Believe it or not, he painted subject matter other than just male art. He did landscapes, both realistic and stylized. (He painted many scenes of Africa, and because he traveled quite a bit, He was also done landscapes of Germany, Canada, France, Southern Africa, and many other places.) He also created abstract paintings and non - nude male figures. Like paintings of shirtless men, men in underwear men in Speedos. Men with clothes on! A painting of a clothed man can still be sensual male art. He loved painting the male nude, and he loved seeing men naked, but he also loved a beautiful landscape. Even when there's not a naked man in it!

Gay Naked Men or Straight Naked Men?

He was often asked, "Are your nude models straight or gay?" His answer was “both gay and straight men model nude for me”. He found models everywhere, on the beach, in the YMCA locker room, in clubs and bars and at bus stops. When he saw a potential model, he didn't ask himself, “Is he a gay man?” or “Is he a straight man?”. He ask himself, “will he look great naked?” He didn't paint a naked gay man or a naked straight man, he painted a naked man. He didn’t paint naked homosexual men or naked heterosexual men, he painted naked men. What we present with his web gallery is not a gay men gallery, or a straight men gallery, it's a gallery of nude men. Every work in his web store is available to buy, to add to your collection of nude male art.

What Kinds of Media Did he Use?

Do you Have Prints or Posters? He usually drew in pen and ink, watercolor, pastels and mixed media and sometimes acrylic on paper. He painted with oils or acrylic on canvas. Few of his many original works were produced into prints and posters, and these are very reasonably priced.

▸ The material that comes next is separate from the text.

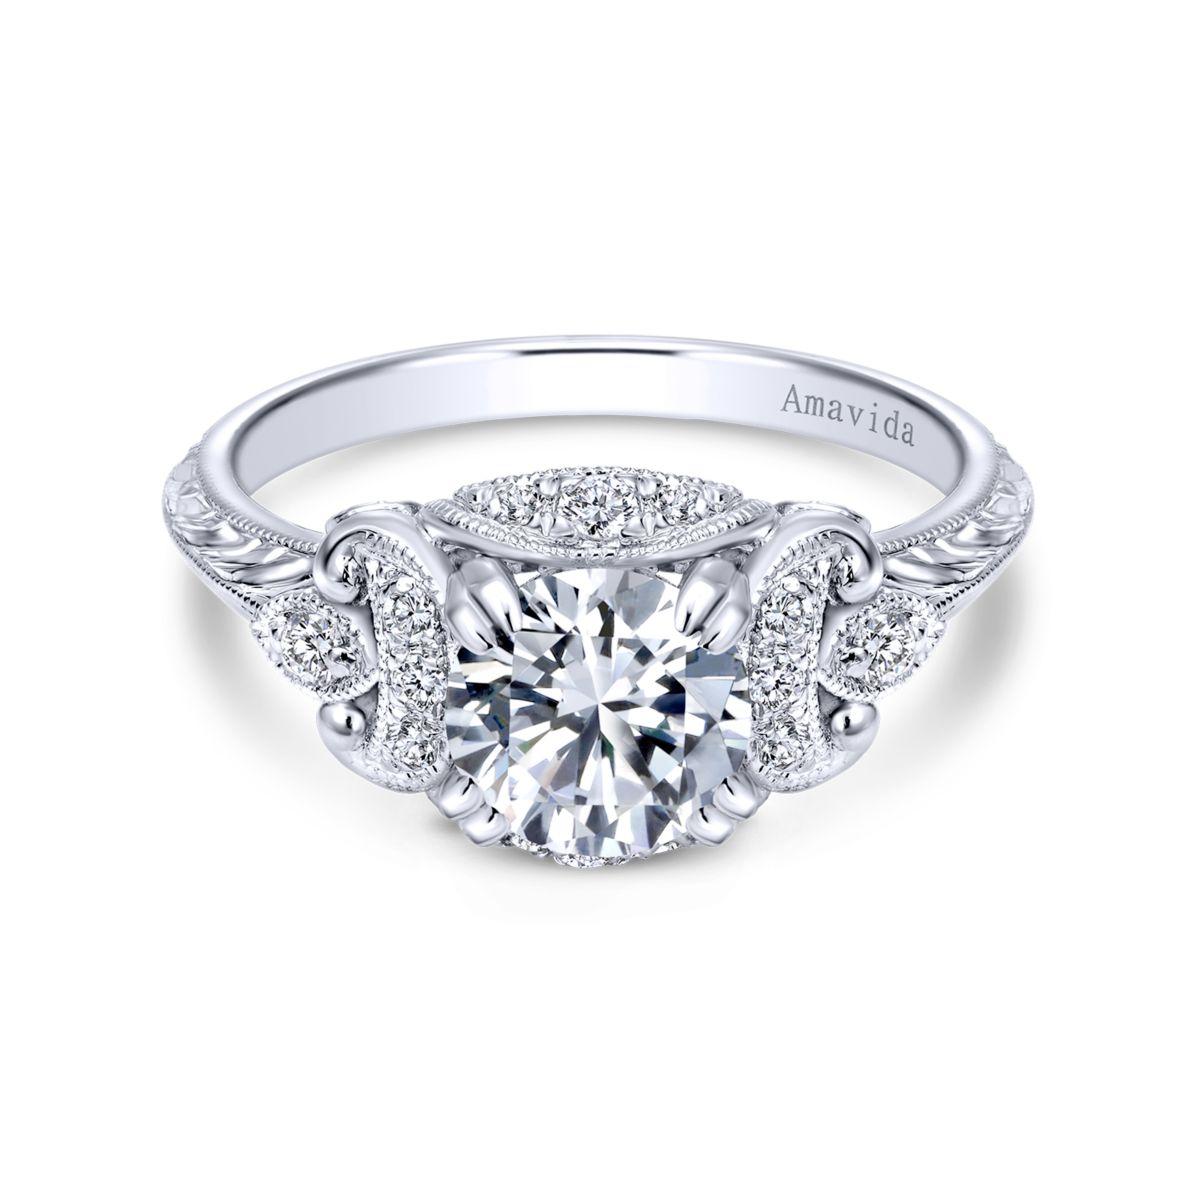 Unique 18K White Gold Vintage Inspired Diamond Halo Engagement Ring

Did He Work from Life or Photographs?

He wasn’t practical. He preferred to work with live models. He didn’t take photographs of his models, then work from the photographs at his leisure. He liked painting models in landscapes. He posed the naked man in his studio and drew the landscape from memory. In his studio he posed nude men with natural northern light or used artificial illumination. His art was not composed through the lens of a camera but by his minds eye. This is not to say that he didn’t appreciate fine male photographic art. In his private collection he had a fine art nude male photograph by Carlos Quiroz. Carlos showed Peter some contact sheets of his erotic nude male photography and Peter selected one frame that he liked. Once printed, the large photograph of the upper body of the nude young man figured prominently in Peter’s living room.